Wage inflation and overall inflation are somewhat interlinked, since having to pay workers more can force companies to raise prices. One of the key signs of impending wage inflation is that industries struggle to fill low-wage jobs, since workers are constantly threatening to leave for a higher-paying position. Indeed, restaurants like Cheesecake Factory are finding it harder to keep workers around without raising wages and prices. Another low-wage job, delivery drivers who drop off packages for UPS or FedEx, is in such high demand that the occupation was third-most popular job listing on Monster.com in 2017. More competition for low-wage workers should push up wages, and prices will likely follow.
Second, the Republican tax cut might provide an interesting experiment for 2018, because it does something rather unprecedented in U.S. budget policy. It purposefully increases deficits deep into a recovery with unemployment under 5 percent. And while the overall tax cut skews toward the rich, the 2018 distribution is more progressive because it includes the largest tax benefits for middle class families, which later expire.
The last time that unemployment was this low, President Bill Clinton was presiding over budget surpluses.

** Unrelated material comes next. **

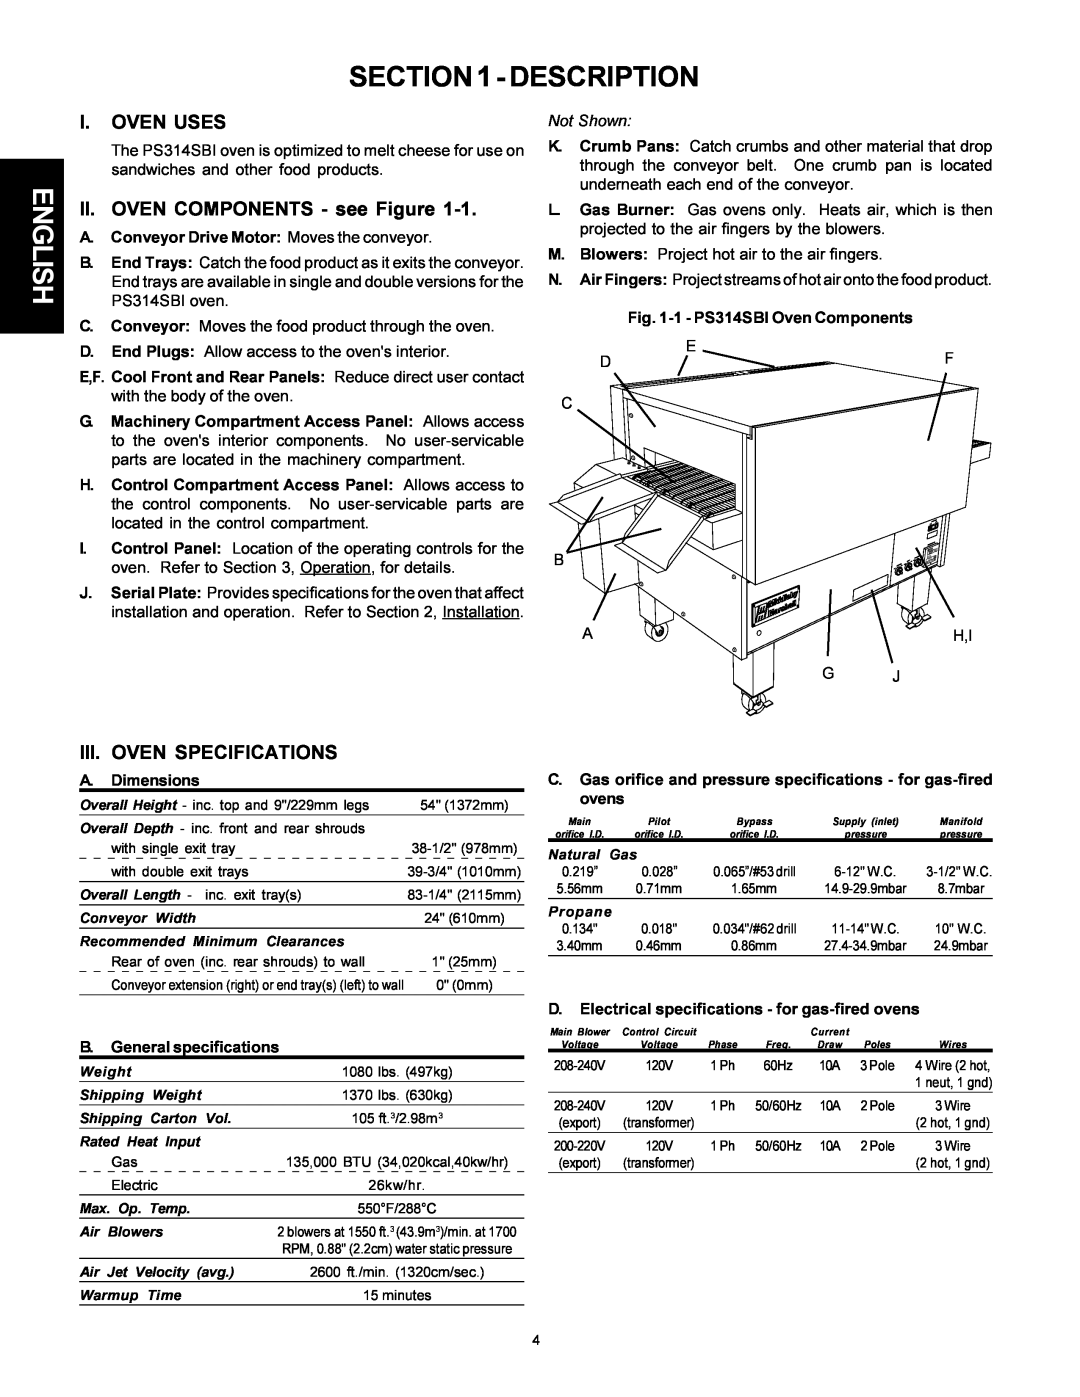 Middleby Marshall PS314SBI Description, English, I.Oven Uses, II. OVEN COMPONENTS - see Figure, Oven Specifications 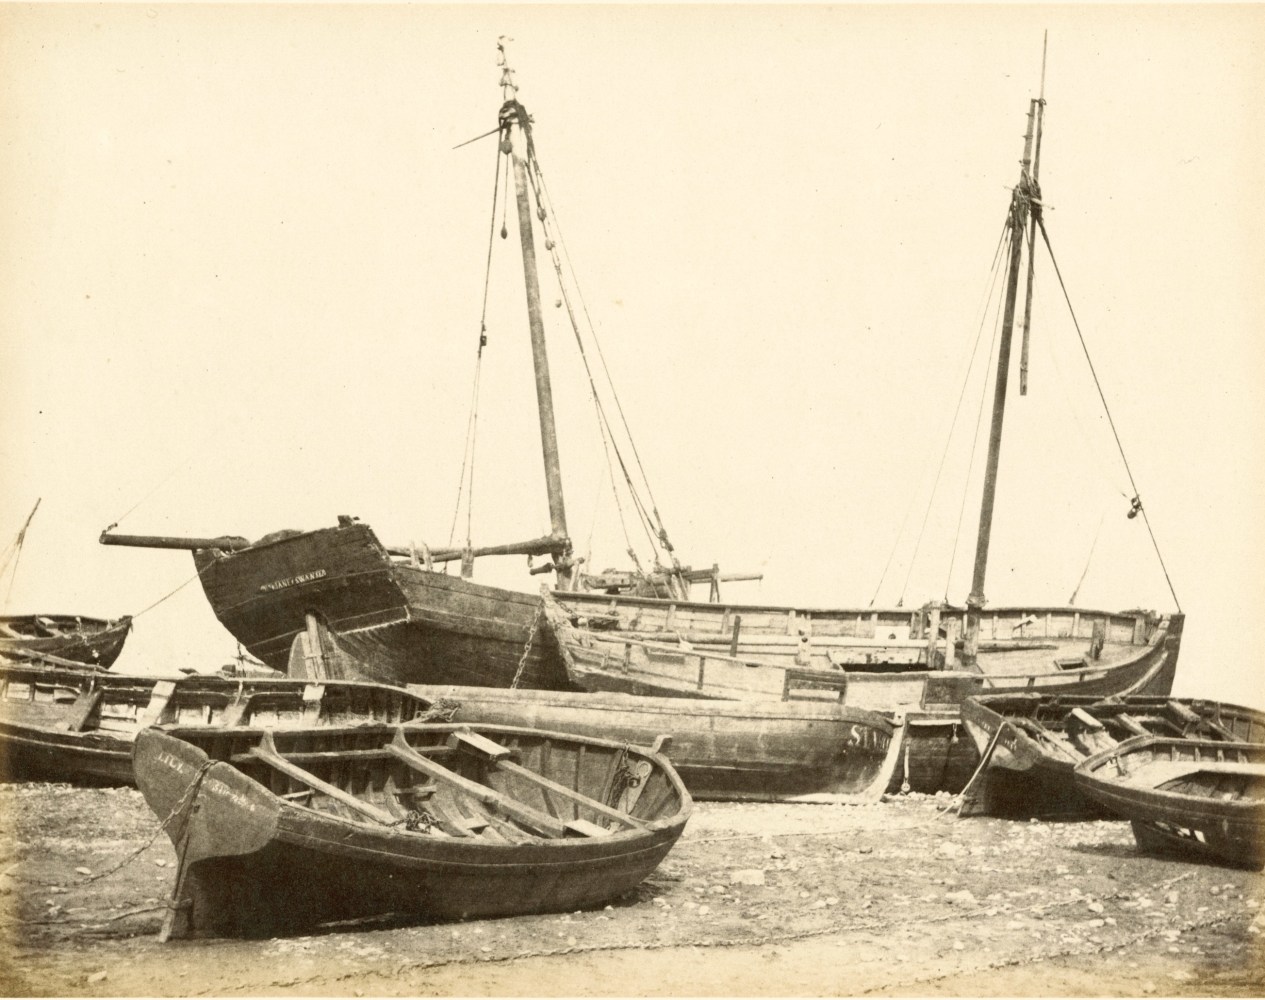 Hugh OWEN (English, 1808-1897) Oyster boats, Swansea Albumen print, 1860s-1870s, from a paper negative, before 1855 17.3 x 22.2 cm mounted on 26.0 x 28.3 cm album sheet Numbered &quot;60&quot; in pencil on mount

But the Joint Committee on Taxation estimates that the tax cut signed by Trump will add $135 billion to the deficit in the first nine months of 2018 (the remainder of the fiscal year) and another $280 billion to the deficit in the following twelve months. This is a bold experiment in expansionary fiscal policy. No modern American government has ever passed a tax cut this large with such low unemployment. It would be awfully surprising if cutting taxes by more than $100 billion a year in a growing economy with near full employment didn’t produce at least a little bump in inflation (even if the overall bill is largely a sop to the ultra-rich).
In the 1970s, inflation teamed up with high unemployment to deliver a miserable few years for working Americans. But a little bit of inflation isn’t a disaster. It would raise wages and stimulate economic growth after years of steady but sluggish expansion. The Federal Reserve has the power to quickly raise rates to cool the economy. But perhaps it should allow just a bit of overheating. We know what a decade of sluggishness looks like. Let’s see what a little bit of inflation can do.